# Original Ergo Slingshot



## mxred91 (Aug 8, 2010)

This Slingsot is my original design. I started the project by making a clay slingshot handle shape molded to my hand. I wanted a locator type grip shaped similar to a deflex riser recurve, that also allowed for thumb and finger placement on the forks. From the clay I drew a full size template for the blank in CAD. If you would like the template you can download it from http://www.4shared.c...s-ergo_cds.html, Printout full size in Adobe, no scaling, on letter size paper. I picked up a nice piece of Zebrawood from an Estate Sale for $4, so I used that wood along with an Archery Scrap for the frame. I am happy with the end result. Picture and Video of the completed slingshot below. For anyone that is curious How I made it, I also posted a "Build Along" series of videos on my Youtube Channel.
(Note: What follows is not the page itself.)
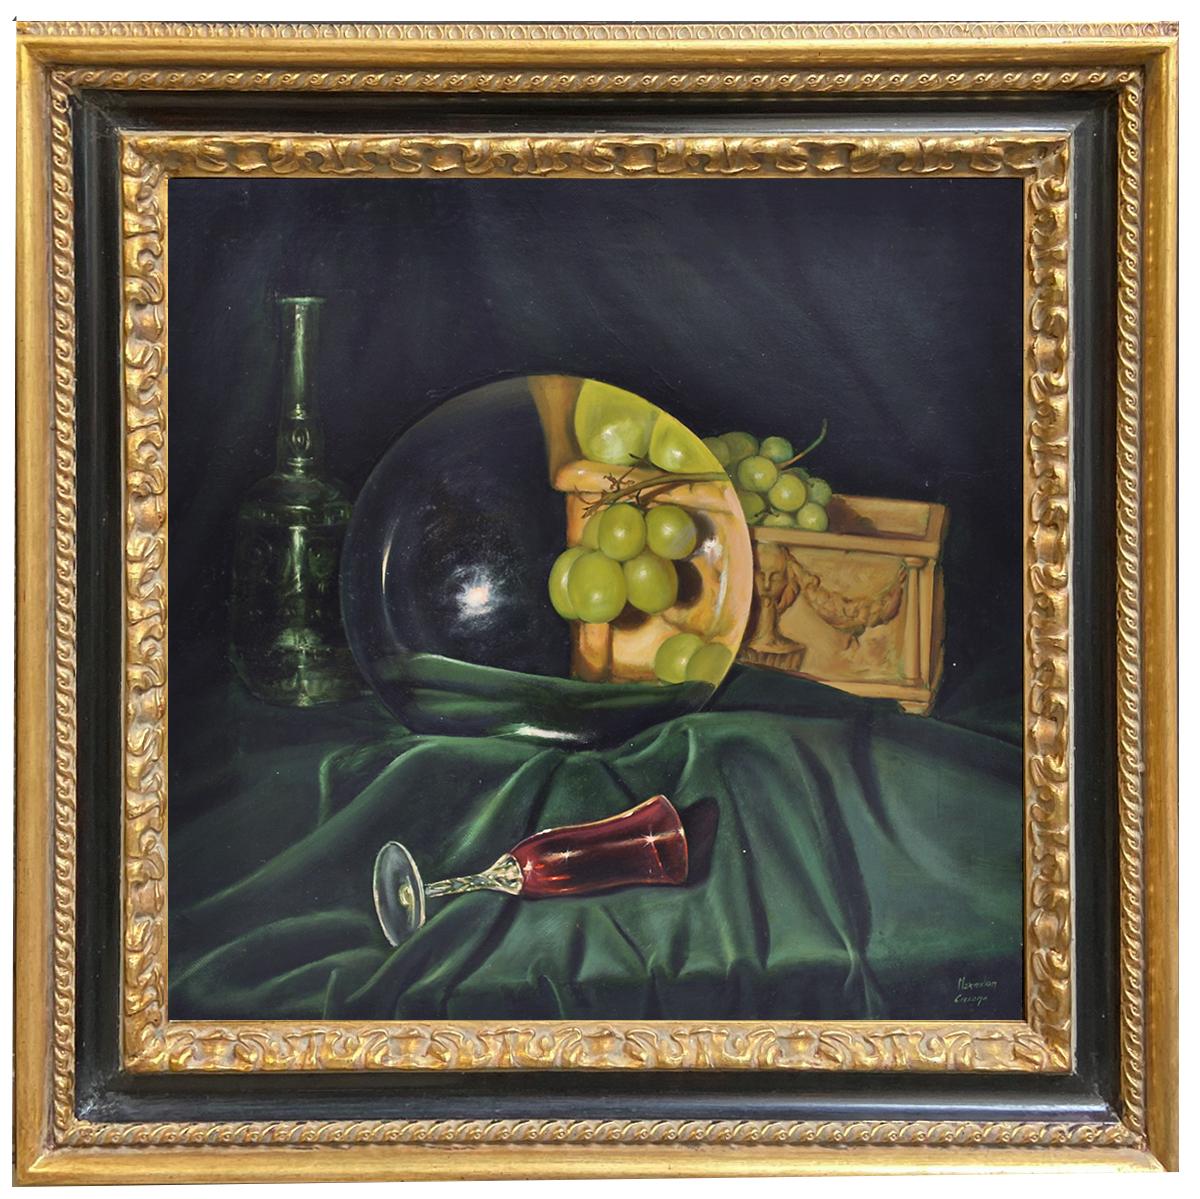 THE LENS AND THE GRAPES – Hyper- Realistisch- Stillleben Öl auf Leinwand Gemälde

Thanks for Checking it out. 
Chuck S.


----------



## whipcrackdeadbunny (May 22, 2010)

That's a beauty mate.


----------



## dragonmaster (Dec 24, 2009)

THats a beuty dont think Ive heard of anyone using clay to make a desine .


----------



## Flatband (Dec 18, 2009)

Hey Red, that is one serious Ergo Bud! Very nice work and you have to love the way Zebra finishes out. Love the thickness also. i recently have been going thicker myself. Gives it a more solid feel. Great job! Flatband


----------



## Martin (Jan 17, 2010)

A nice looking well made slingshot. Beautiful work, Good video as well.

Martin.


----------



## ZDP-189 (Mar 14, 2010)

I especially like the pouch.


----------



## Dayhiker (Mar 13, 2010)

Wow, that's the bomb! Love it.


----------



## NoSugarRob (Jun 3, 2010)

yep thats a good un


----------



## smitty (Dec 17, 2009)

Slingshot of the month for September !!! Great craftsmanship getting it done.


----------



## NaturalFork (Jan 21, 2010)

Very nice! SSOTM for sure!


----------



## huey224 (Apr 12, 2010)

That is so cool:wub:, i want one!


----------



## mxred91 (Aug 8, 2010)

Thanks to all for the generous comments. This forum is great place to learn and exchange ideas. I have to say Martin's Ergo and the cast version by Hogan castings really made me want to try an ergo. First time I ever worked with Zebrawood, I have to say I like it. Huey, you can download the full size template if you want to make something similar. All you really need is a block of wood, a vice, a rasp, sandpaper, and determination. Flatband, Smitty, Martin, Dayhiker, and ZDP-189, you guys are the Masters, I have been studying your designs.
Chuck S.


----------



## shot in the foot (Jan 3, 2010)

I have to say that is a real eye catcher, and great video to show it off propley, jeff


----------



## Bill Hays (Aug 9, 2010)

Very nice. I like the idea of using the epoxy enamel finish because of the bocate


----------



## lucifer93 (May 4, 2010)

Nice !!!! Really nice !!


----------



## smitty (Dec 17, 2009)

Mxred, I just had to post again on this great slingshot you have made. It is right up there with all my favorites. These forums are great for cutting research and design times way down so that slingshots can keep advancing at a quicker pace than ever before. A very cool shooter !!!


----------



## mxred91 (Aug 8, 2010)

Thanks Smitty. Your Youtube videos have been a great source of information for me. I am starting to think about the next one...
I think there is a definite gain in popularity. I really enjoy seeing all the unique designs on this forum.


----------



## 919h (Aug 27, 2010)

Very nice !
Congratulation !


----------



## t-bear (Jan 28, 2016)

Great lookin beauty. Just found a fat Chinese Elm and want to make an ergo.


----------